Let's train a logistic regression model on our training set.

#### What's a logistic regression model?

It's a statistical model used for binary classification. It predicts the probability of an occurence based on the features of the dataset (Eg: whether a tumor is malignant or benign).

In [59]:
from sklearn.linear_model import LogisticRegression

# Create a logistic regression model
regression_model = LogisticRegression(max_iter=10000)

# Train the model
regression_model.fit(X_train, y_train)


'max_iter' is the maximum number of iterations in our case 10000. Having a higher number of iterations ensures there's adequate iterations to find the best fitting model parameters, leading to more accurate predictions.

## 6. Making predictions

Once the training of our model is completed, we can use our model to make predictions on the test set.

In [65]:
# Make predictions
y_pred = regression_model.predict(X_test)
print(y_pred)


[1 1 1 1 0 1 0 0 1 1 1 0 0 1 1 0 0 1 1 1 1 1 1 0 1 1 1 0 1 1 1 0 1 1 1 1 1
 1 1 0 0 1 0 1 0 1 1 0 1 0 0 1 0 1 1 0 1 0 1 0 1 1 1 0 1 0 0 1 0 1 1 0 1 1
 0 1 1 1 1 1 1 0 0 1 0 0 1 1 1 0 1 0 0 0 1 0 1 1 1 0 1 0 1 0 1 0 1 1 1 0 1
 0 0 1 0 1 0 1 1 1 1 1 1 1 0 0 0 1 1 0 0 1 1 1 1 1 0 1 1 1 1 0 1 0 1 1 0 1
 1 1 0 1 0 1 1 1 1 1 0 0 1 1 0 0 0 0 1 0 1 1 0]


What we do here is using the predict function in Scikit-learn, we ask it to make predictions on the test set (X_test) using the regression model we already trained.

'y_pred' is the model's predictions for our test dataset 'X_test'.

## 7. Evaluating the model

Now that we have trained a model and tested it with our test datset, it's time to evaluate our model using metrics such as accuracy and classification report.

In Scikit-learn there are various ways to evaluate a model, one of such module that we are going to use in this guide is **'sklearn.metrics'**  which has a wide range of tool to evaluate the performance of a machine learning model.

In [73]:
from sklearn.metrics import accuracy_score, classification_report

# Calculate accuracy
model_accuracy = accuracy_score(y_test, y_pred)
print(f'Accuracy of the model: {model_accuracy}')

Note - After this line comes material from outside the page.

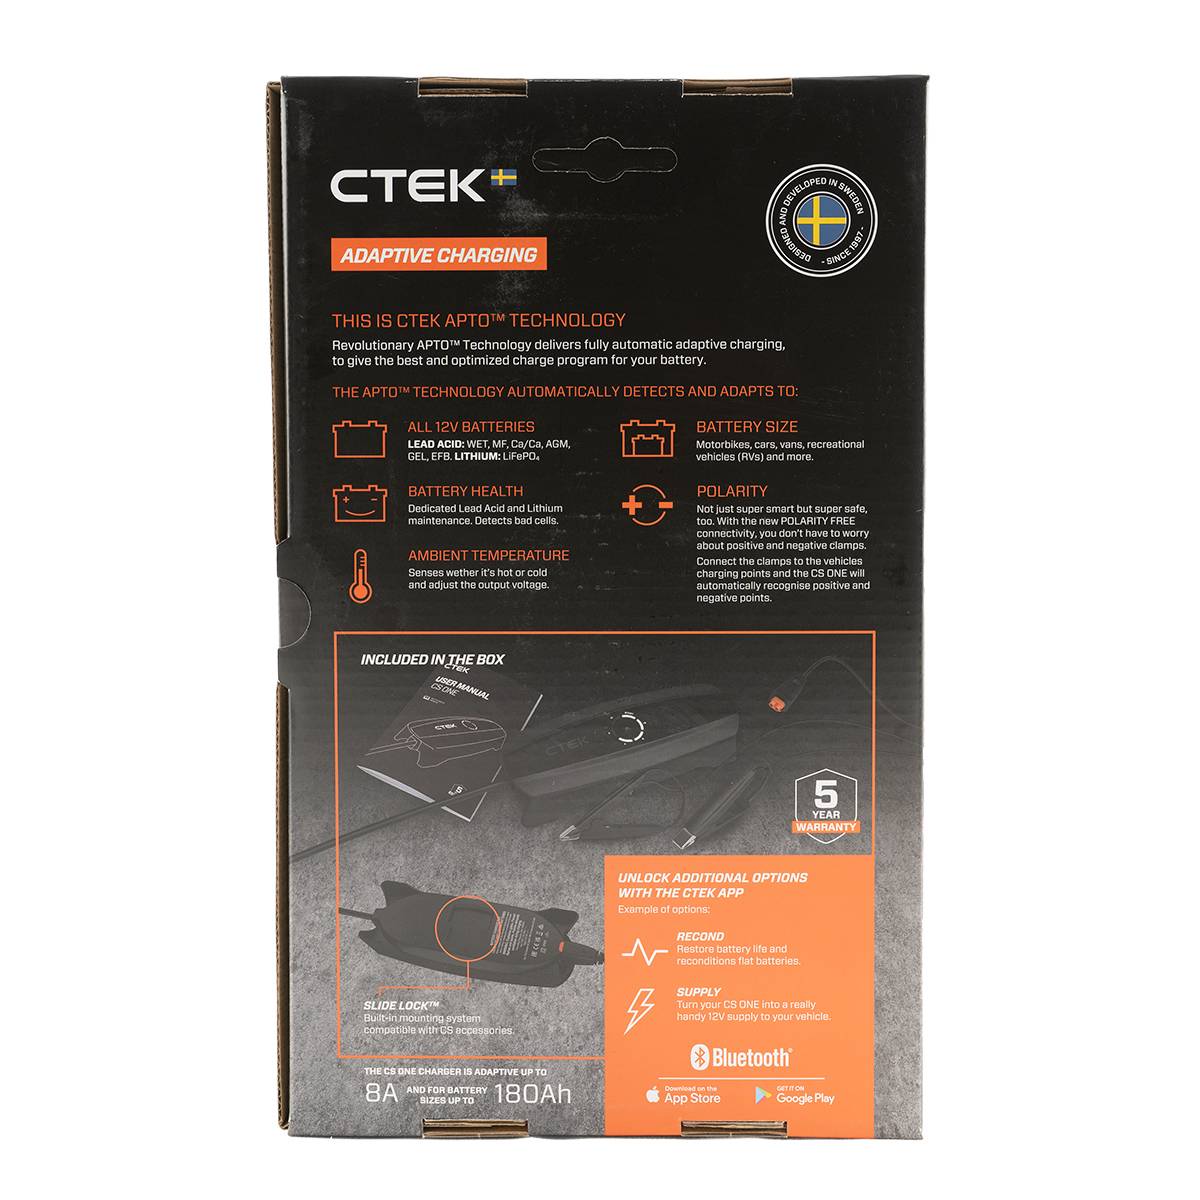 CTEK CS ONE EU Batterielade- und Wartungsgerät

# Detailed classification report
detailed_report = classification_report(y_test, y_pred)
print(detailed_report)


Accuracy of the model: 0.9590643274853801
              precision    recall  f1-score   support

           0       0.94      0.95      0.94        63
           1       0.97      0.96      0.97       108

    accuracy                           0.96       171
   macro avg       0.95      0.96      0.96       171
weighted avg       0.96      0.96      0.96       171



'model_accuracy' is the accuracy score of our model. The **accuracy_score** function calculates the accuracy by comparing the test dataset 'y_test' with the predicted labels (y_pred). What we print using the print method is the propotion of correct predictions out of all the predictions the model predicts. In other words, our model has 95% (0.95) accuracy.

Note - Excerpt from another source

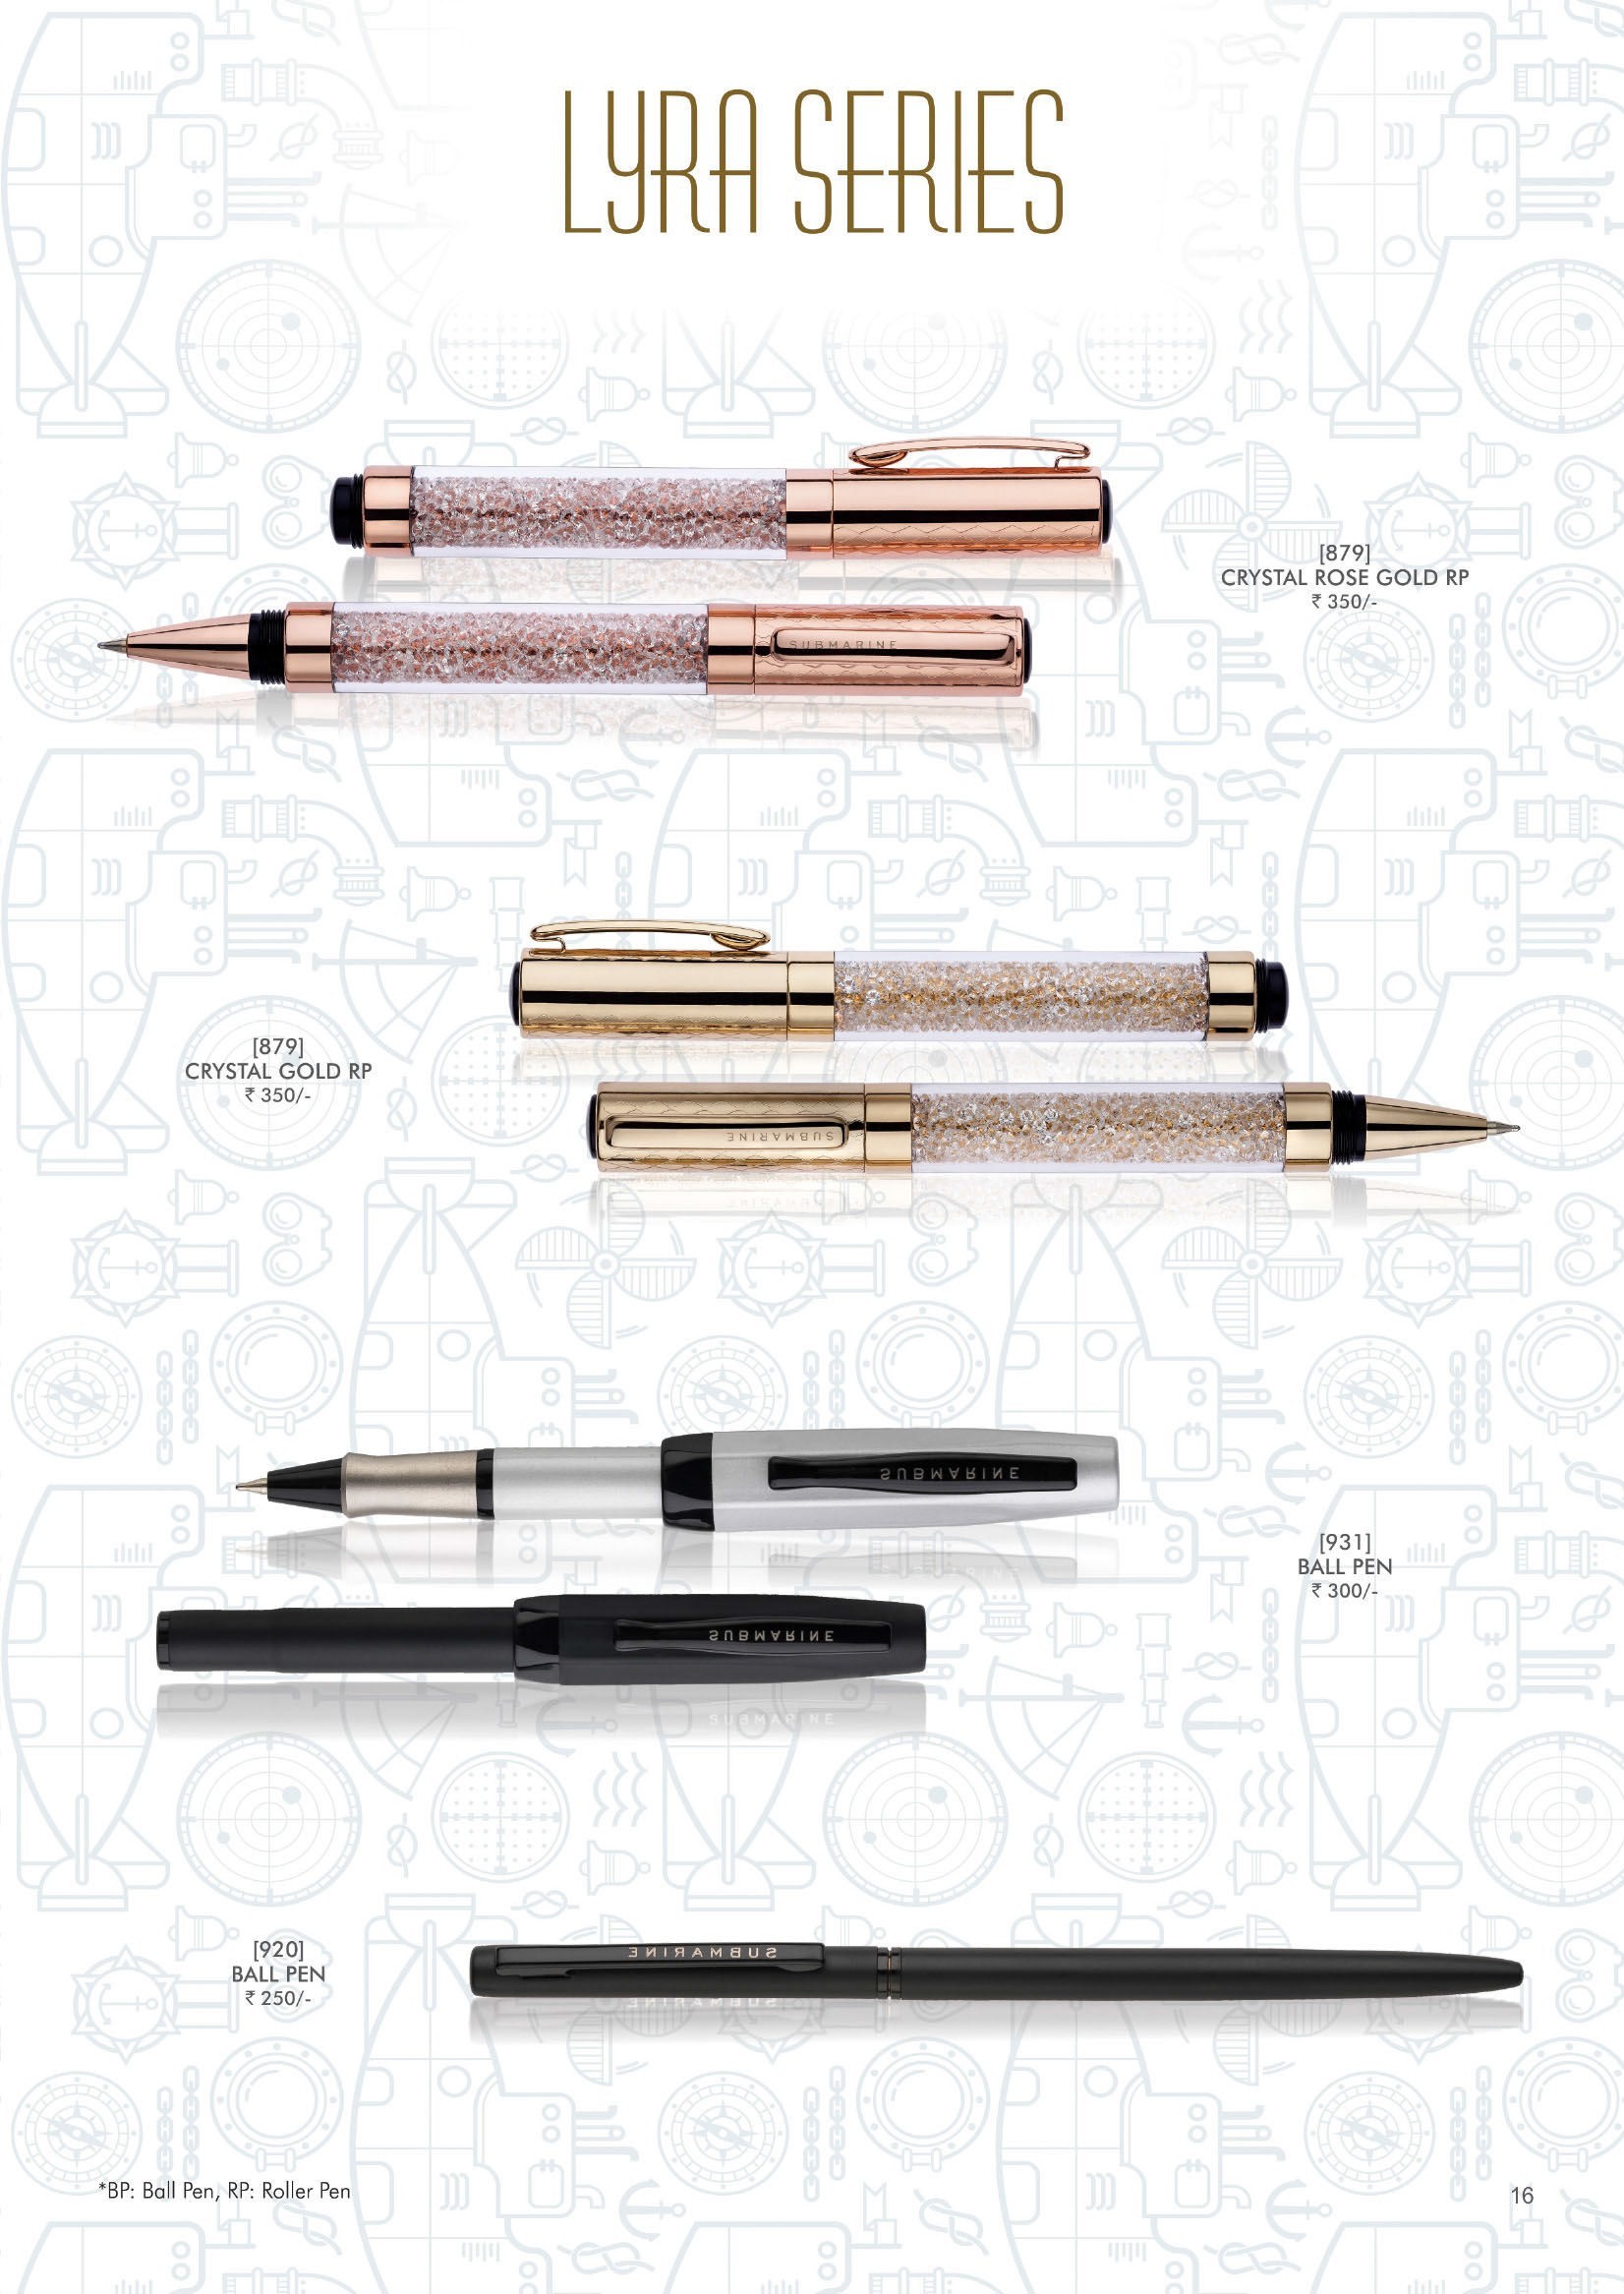 Submarine pens12

Next, using the **classification_report** function we are generating the detailed classification report that has the precision, recall, f1-score and the support for each class (in binary classification there are two classes, in our case Benign (non-cancerous) tumors and Malignant (cancerous) tumors).
According to the report we can see the,
*  **Precision**: The ratio of correctly predicted positive observations to the total predicted positives.
*  **Recall**: The ratio of correctly predicted positive observations to all the observations in the class.
*  **f1-score**: The weighted average of the precision and the recall.
*  **Support**: The number of occurances of each class in the dataset.

These 7 commands provides a comprehensive introduction to using Scikit-learn, from importing Scikit-learn to loading a dataset, preprocessing our datasets, training, testing and evaluating the model.